Does reshaping of NDArrays allow any shape as long as the total number of data elements remains the same?

Im curious to know if there are some visualisation libraries available which could map the labels or model data in 3d space?

Kind Regards

Thank you. Did some reading on that and went through your answer again n suddenly it seems much simpler. Will be back with the results of my tests. :+1:

@arvindangelo if you have python code I’m happy to take a look at it with you. If another framework you’re using does something you expec that we’re not we try to be compatible wherever possible due to our model import features. Please do let me know.

That would be nice. I’m hoping to be able to implement exactly the same thing in Java that i’ve done in Python. It isnt something very complicated, just Perceptron, LSTM, and CNN implementations of phoneme recognition.

It is a research project so once all is working, I will be looking to measure execution speeds on identical data, and try to get some visualisations for inclusions in reports and papers.
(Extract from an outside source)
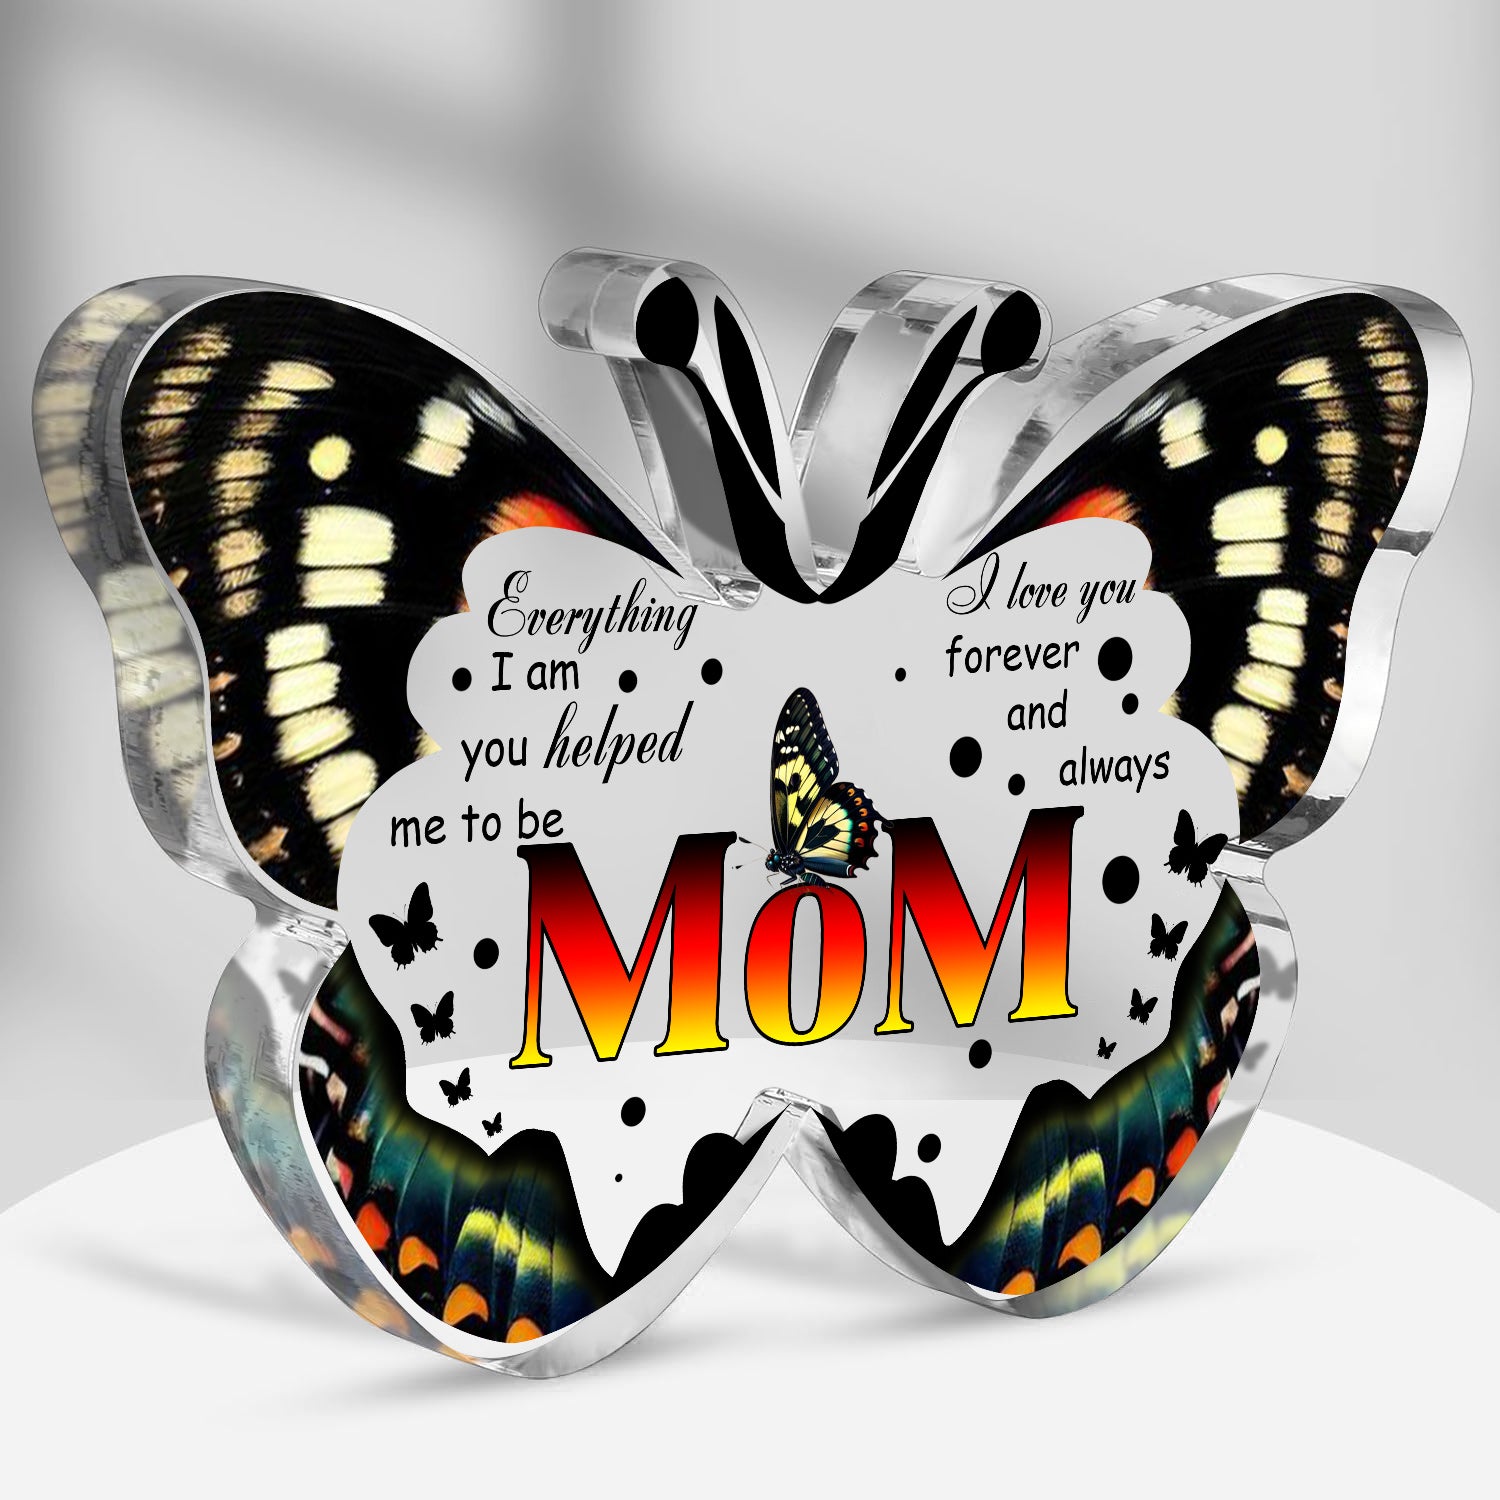 I Love You Mom Mothers Day Gifts for Mom, Unique Mom Birthday Gift Ideas, Butterfly-Shaped Acrylic Keepsake Gifts

I’ve seen some interesting visualisation tools in Python, would be interested to know if such tools are available in DL4J.

An option I believe would be feasible would be if we could export the model from DL4J into python-compatible data to be used directly on the python visualisation tools.

Kind Regards,

@agibsonccc Grateful to let me know how we should proceed. Can I email you the python code?

@arvindangelo please DM and I’ll look.

Apologies for the delay. Ok, DM you immediately.